‘Transit’ Film Review: WWII Tale of Escaping Fascism Gets Updated With Chilling Ease

Christian Petzold (“Phoenix”) presents a fractured modern Europe that calls to mind the 1930s in all the worst ways

Transit
Music Box Films

Take “Casablanca,” remove all the fun parts, and set it in the present day. It’s not such an odd idea. In Christian Petzold’s “Transit,” it feels eerily natural, and that’s both horrifying and fascinating.

“Transit” stars Franz Rogowski (“Happy End”) as Georg, a man asked to deliver mail to a writer in the midst of a contemporary fascist regime, during a violent purge of immigrants called “Spring Cleaning.” But when Georg arrives with the mail, he discovers the writer, Weidel, is already dead. He killed himself after, as his letters suggest, the rejection of his latest novel and the rejection of his estranged wife.
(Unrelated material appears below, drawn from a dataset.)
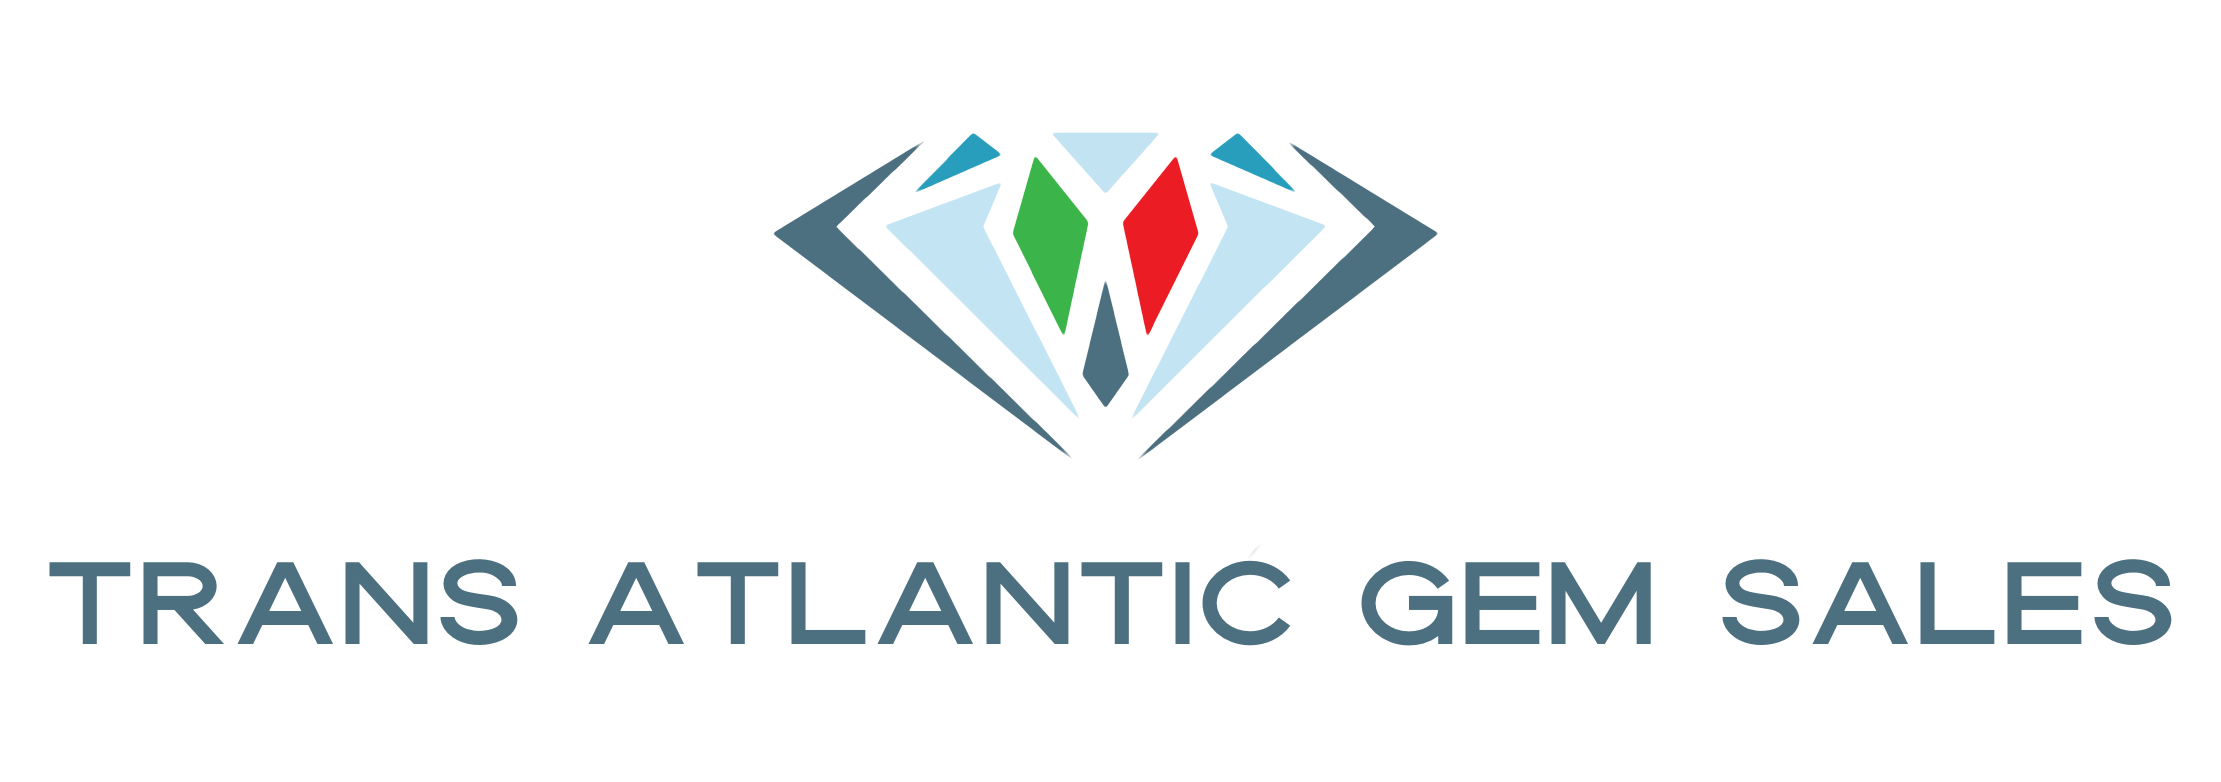 Trans Atlantic Gem Sales

Georg is then asked to help another, wounded man travel to Marseilles, where that man can reunite with his family and leave the country, but the perilous journey leaves him dead too. With no plan, no friends, and no hope, Georg tries to turn in Weidel’s final manuscript to the Mexican consulate for a finder’s fee, only to get mistaken for the author himself and to receive his exit visas.

All Georg needs are, in classic “Casablanca” fashion, letters of transit that will allow him to visit each port where the ship will dock en route to Mexico. The bureaucracy takes time, and in that time Georg worms his way into the lives of Weidel’s wife Marie (Paula Beer, “Frantz”) — who has heard her husband is in town, and assumes he’s alive — and the son of the dead man who accompanied Georg to Marseilles.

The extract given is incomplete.